───── Entries provided ─────

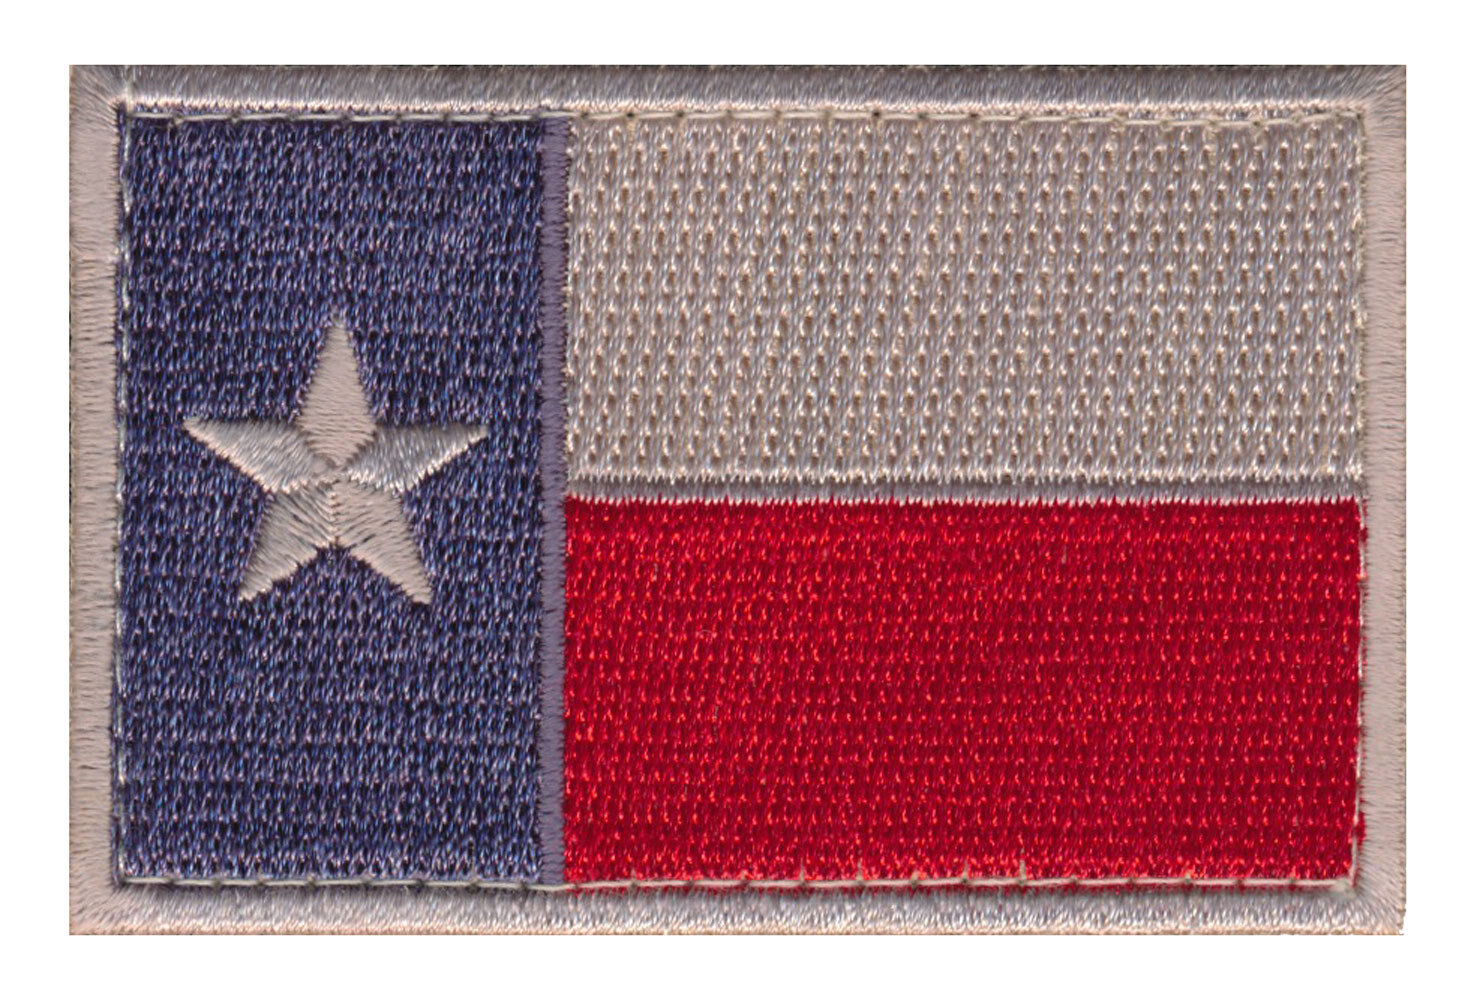 TEXAS TX STATE FLAG SUBDUED LONE STAR HOOK PATCH
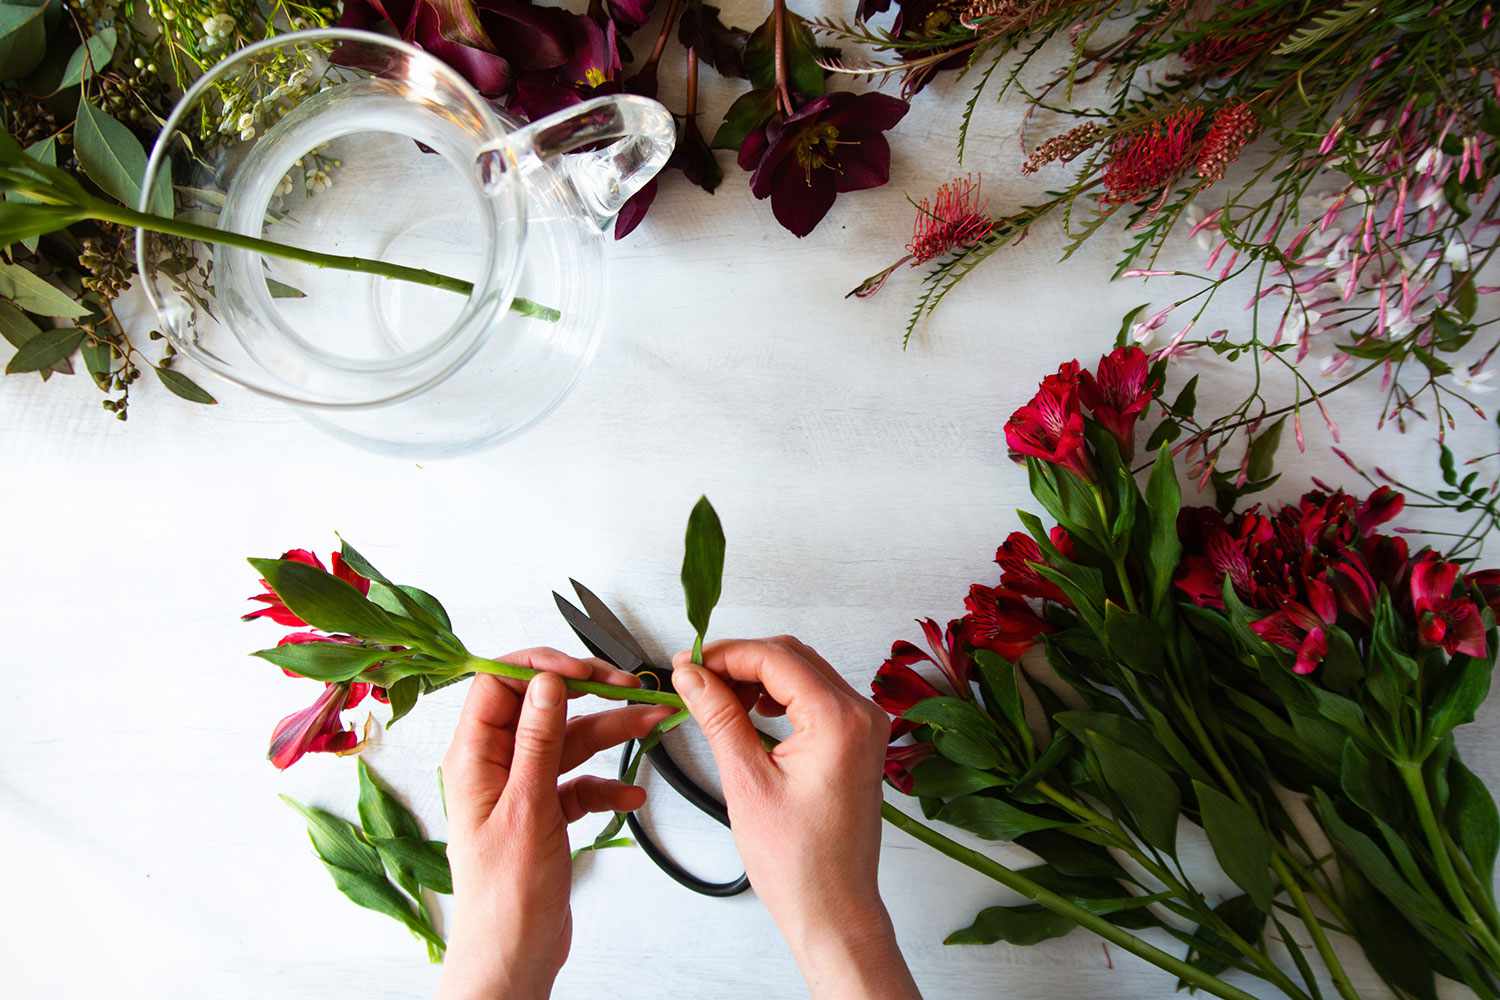 How To Prepare Flowers For A Vase
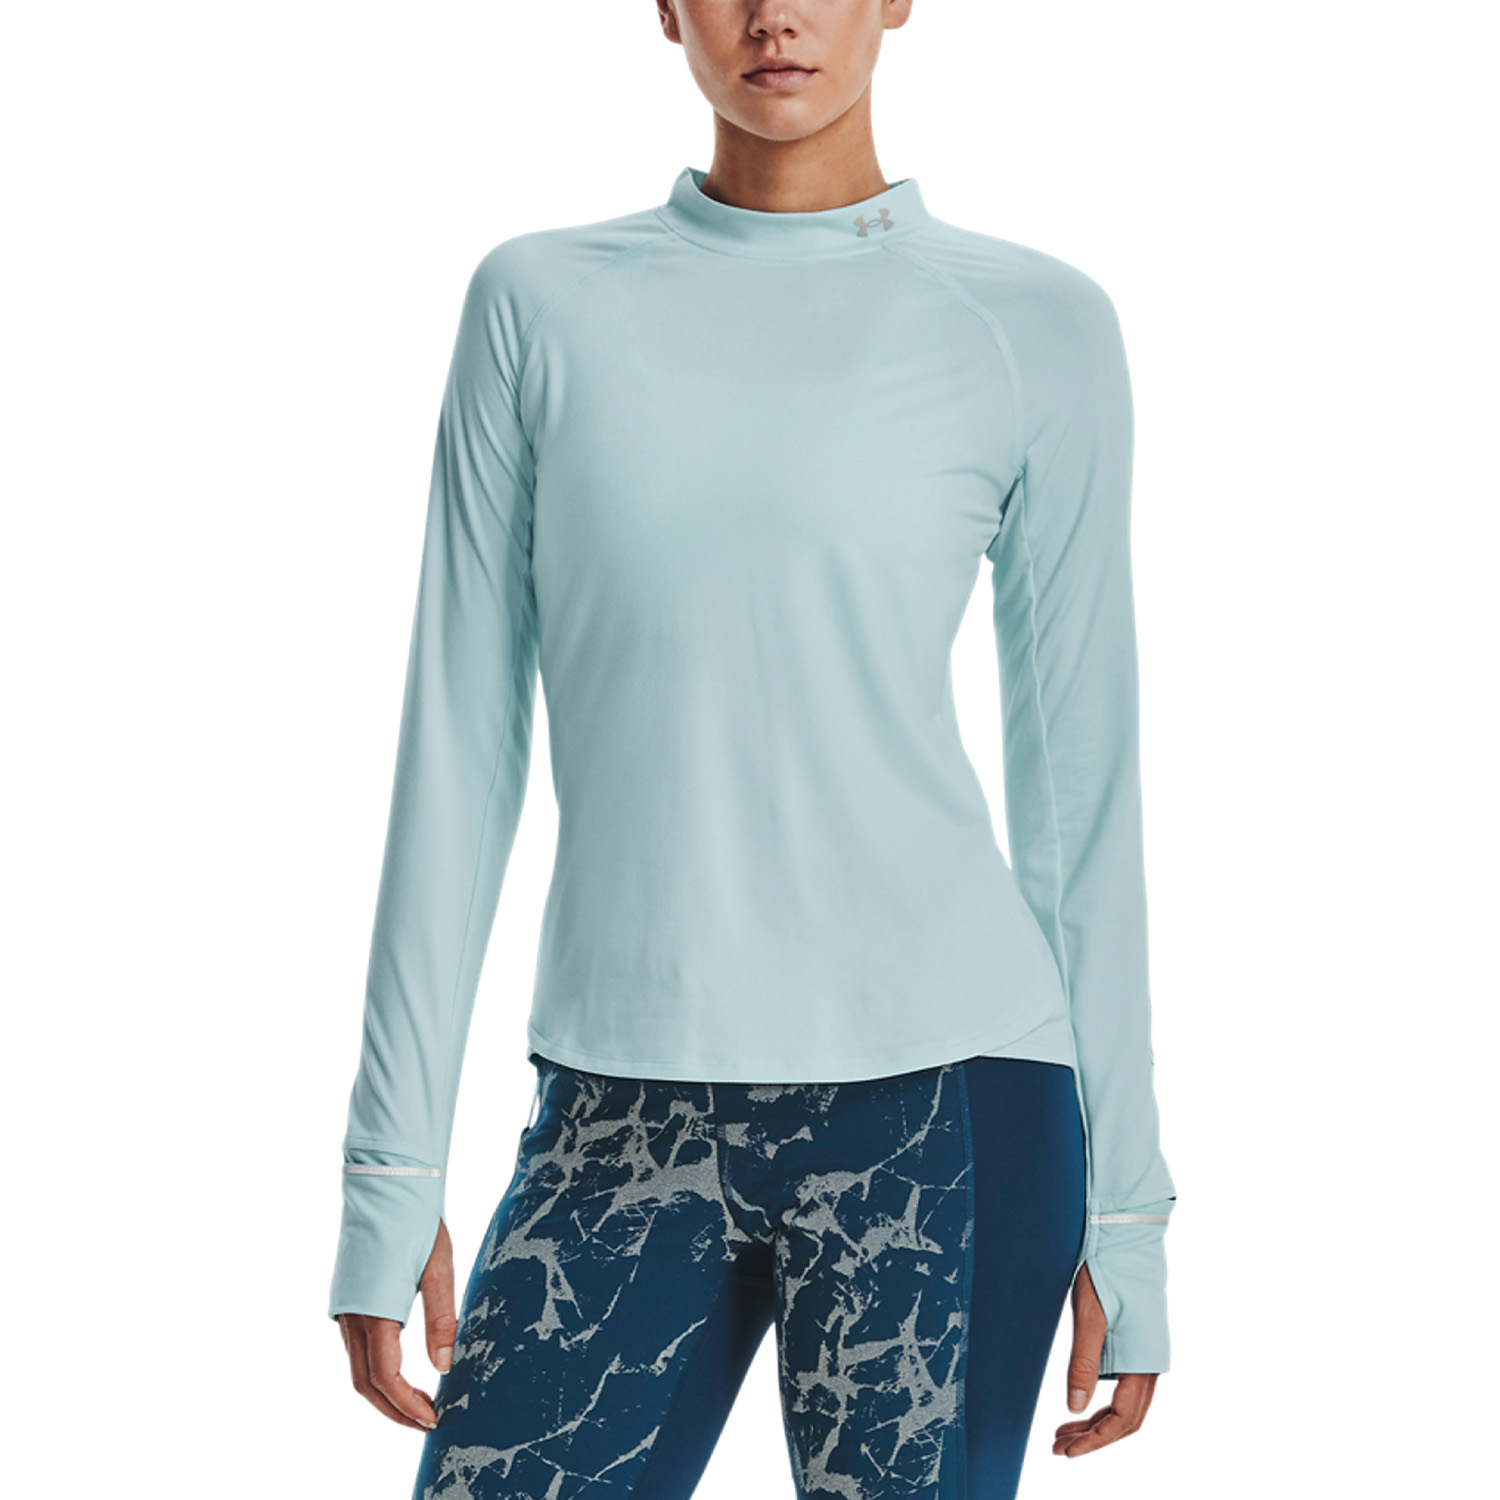 Under Armour Outrun The Cold Shirt - Fuse Teal/Reflective
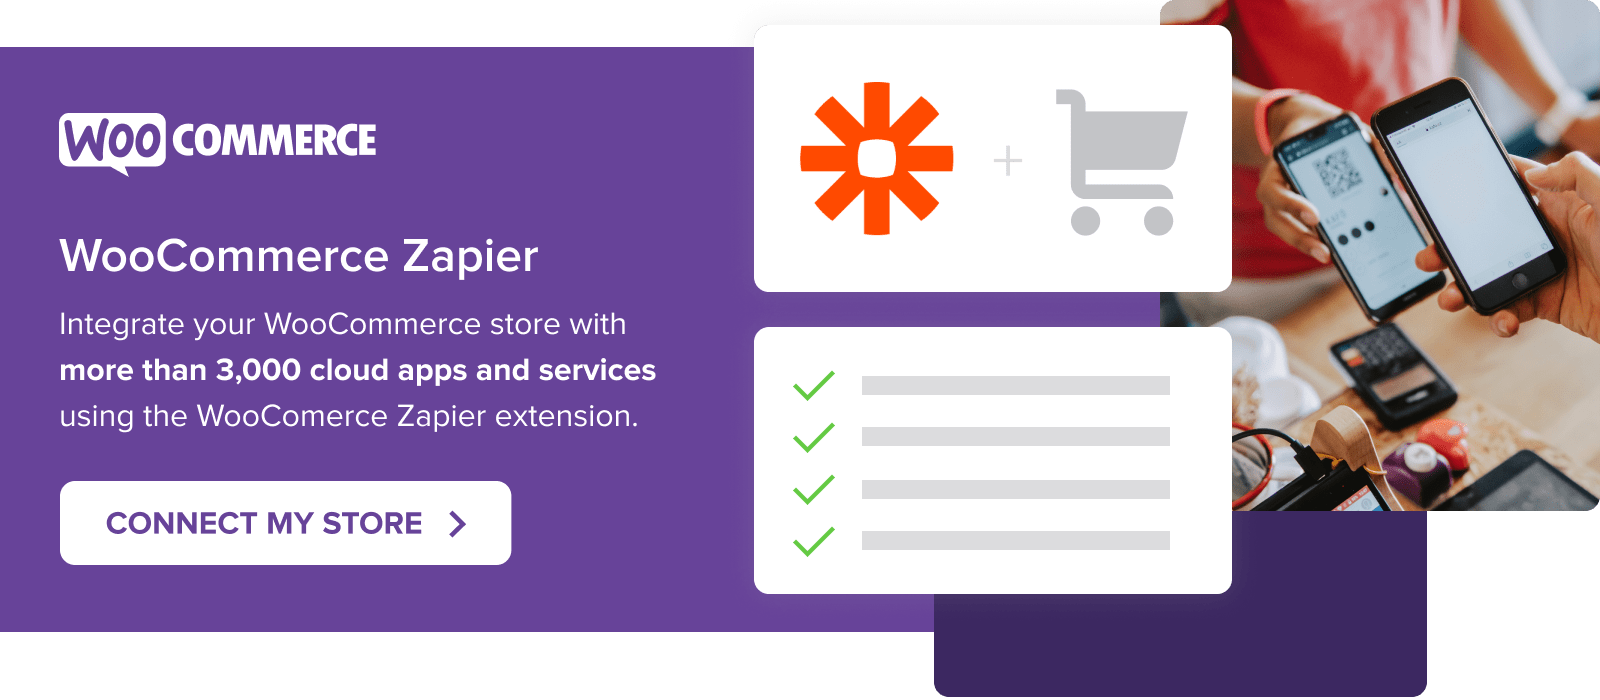 Integrate your WooCommerce store with cloud apps and services using Zapier
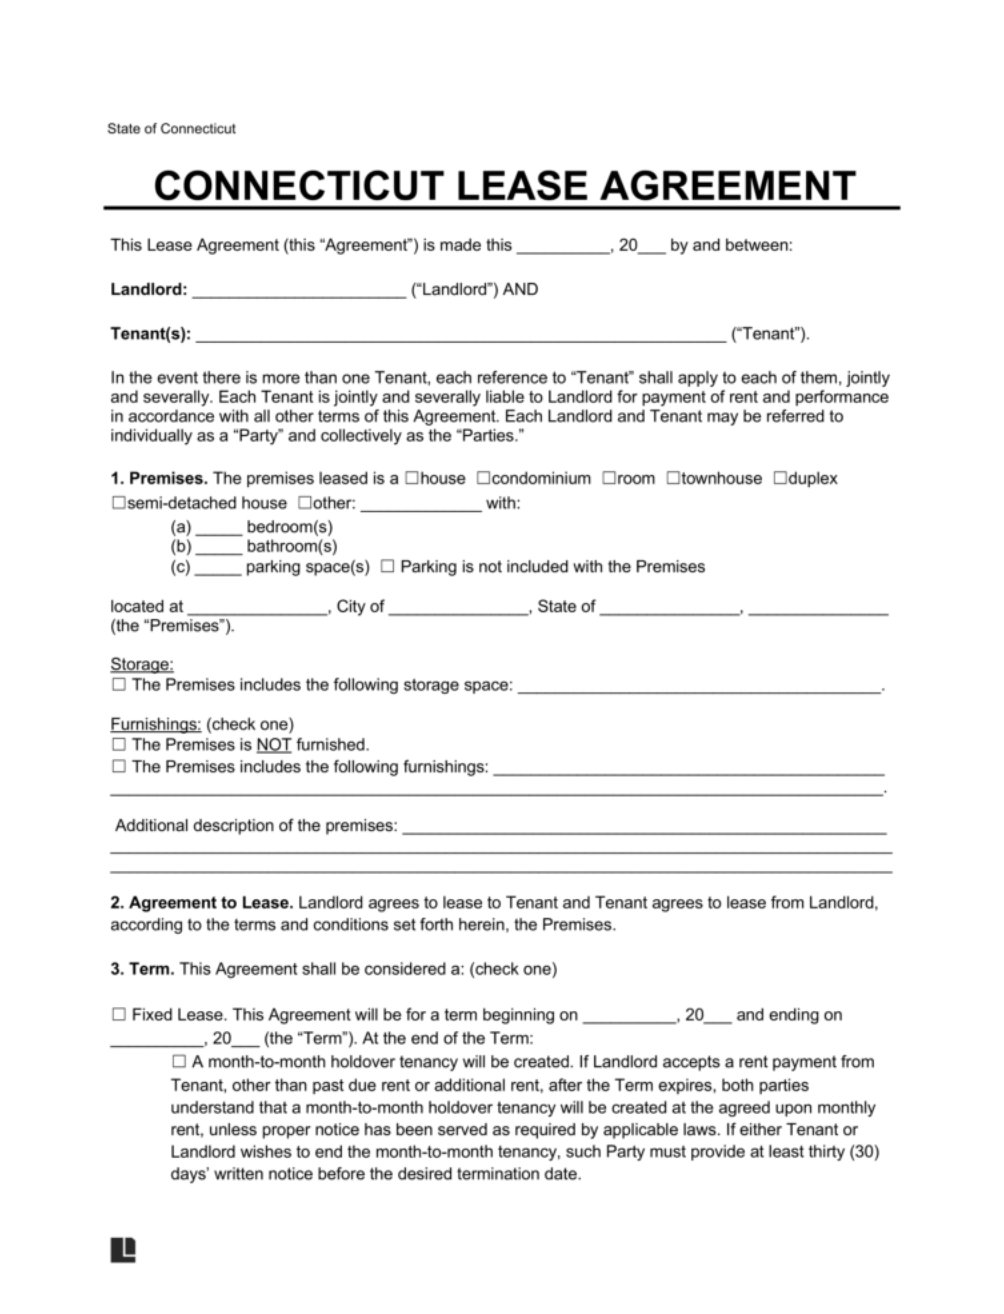 LegalTemplates Connecticut Residential Lease Agreement

─────

### Brief
Without including any pictures, return every line of the records exactly.

### Result for this task
 TEXAS TX STATE FLAG SUBDUED LONE STAR HOOK PATCH
 How To Prepare Flowers For A Vase
 Under Armour Outrun The Cold Shirt - Fuse Teal/Reflective
 Integrate your WooCommerce store with cloud apps and services using Zapier
 LegalTemplates Connecticut Residential Lease Agreement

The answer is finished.